What you have to do: Where a line in the data below includes the word "Best", count it. State the total and nothing more.

Data:
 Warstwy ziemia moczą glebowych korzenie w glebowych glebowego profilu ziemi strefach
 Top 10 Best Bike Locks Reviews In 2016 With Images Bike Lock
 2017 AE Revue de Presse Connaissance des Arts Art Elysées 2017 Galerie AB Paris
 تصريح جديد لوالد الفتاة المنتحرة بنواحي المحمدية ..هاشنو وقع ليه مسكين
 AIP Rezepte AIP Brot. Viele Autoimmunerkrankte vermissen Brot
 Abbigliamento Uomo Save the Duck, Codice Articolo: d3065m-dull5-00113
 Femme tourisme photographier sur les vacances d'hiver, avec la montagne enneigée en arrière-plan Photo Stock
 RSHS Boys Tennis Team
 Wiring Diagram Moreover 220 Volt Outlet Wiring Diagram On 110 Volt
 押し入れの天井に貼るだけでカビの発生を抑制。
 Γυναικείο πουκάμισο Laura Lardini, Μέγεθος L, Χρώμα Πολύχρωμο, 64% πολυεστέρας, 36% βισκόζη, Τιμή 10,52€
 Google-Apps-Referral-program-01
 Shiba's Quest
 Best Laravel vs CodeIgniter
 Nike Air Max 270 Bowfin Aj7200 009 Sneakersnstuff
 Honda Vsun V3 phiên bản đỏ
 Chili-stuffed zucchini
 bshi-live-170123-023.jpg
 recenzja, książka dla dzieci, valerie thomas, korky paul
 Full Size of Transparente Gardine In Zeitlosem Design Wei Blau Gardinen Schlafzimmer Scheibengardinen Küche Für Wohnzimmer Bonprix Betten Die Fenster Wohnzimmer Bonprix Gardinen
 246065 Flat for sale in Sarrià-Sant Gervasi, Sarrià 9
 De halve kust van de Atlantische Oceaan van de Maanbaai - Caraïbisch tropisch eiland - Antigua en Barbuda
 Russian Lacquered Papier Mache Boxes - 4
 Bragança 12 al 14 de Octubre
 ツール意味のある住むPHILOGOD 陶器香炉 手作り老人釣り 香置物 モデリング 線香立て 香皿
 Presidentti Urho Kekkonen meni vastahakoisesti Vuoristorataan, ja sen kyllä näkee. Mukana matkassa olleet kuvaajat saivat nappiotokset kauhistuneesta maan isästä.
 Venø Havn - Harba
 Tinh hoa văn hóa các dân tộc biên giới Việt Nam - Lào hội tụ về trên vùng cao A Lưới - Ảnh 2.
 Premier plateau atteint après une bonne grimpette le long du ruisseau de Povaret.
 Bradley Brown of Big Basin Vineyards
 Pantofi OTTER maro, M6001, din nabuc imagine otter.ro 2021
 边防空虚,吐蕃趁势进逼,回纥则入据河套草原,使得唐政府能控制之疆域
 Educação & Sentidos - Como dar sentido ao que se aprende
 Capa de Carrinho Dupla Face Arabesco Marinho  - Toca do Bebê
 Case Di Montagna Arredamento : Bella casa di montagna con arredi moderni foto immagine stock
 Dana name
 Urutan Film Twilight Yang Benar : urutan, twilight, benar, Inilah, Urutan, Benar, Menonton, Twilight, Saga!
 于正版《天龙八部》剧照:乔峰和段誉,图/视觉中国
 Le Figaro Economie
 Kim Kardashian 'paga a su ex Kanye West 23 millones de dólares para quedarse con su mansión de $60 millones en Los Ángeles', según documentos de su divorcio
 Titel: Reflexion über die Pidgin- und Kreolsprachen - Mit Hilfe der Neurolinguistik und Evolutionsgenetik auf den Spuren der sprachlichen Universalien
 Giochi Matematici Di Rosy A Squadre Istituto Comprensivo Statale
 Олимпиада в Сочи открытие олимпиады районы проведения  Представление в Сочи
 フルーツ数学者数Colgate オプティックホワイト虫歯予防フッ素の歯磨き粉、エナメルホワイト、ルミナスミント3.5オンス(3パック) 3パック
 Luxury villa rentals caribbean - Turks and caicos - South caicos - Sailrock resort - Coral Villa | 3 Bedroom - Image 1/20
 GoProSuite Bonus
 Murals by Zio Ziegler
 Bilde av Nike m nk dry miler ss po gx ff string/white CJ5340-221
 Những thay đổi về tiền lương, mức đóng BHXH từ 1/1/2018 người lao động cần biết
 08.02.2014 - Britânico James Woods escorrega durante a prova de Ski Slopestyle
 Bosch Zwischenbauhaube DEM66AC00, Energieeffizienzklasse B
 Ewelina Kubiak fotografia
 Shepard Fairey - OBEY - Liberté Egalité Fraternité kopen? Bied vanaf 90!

Problem solution: 2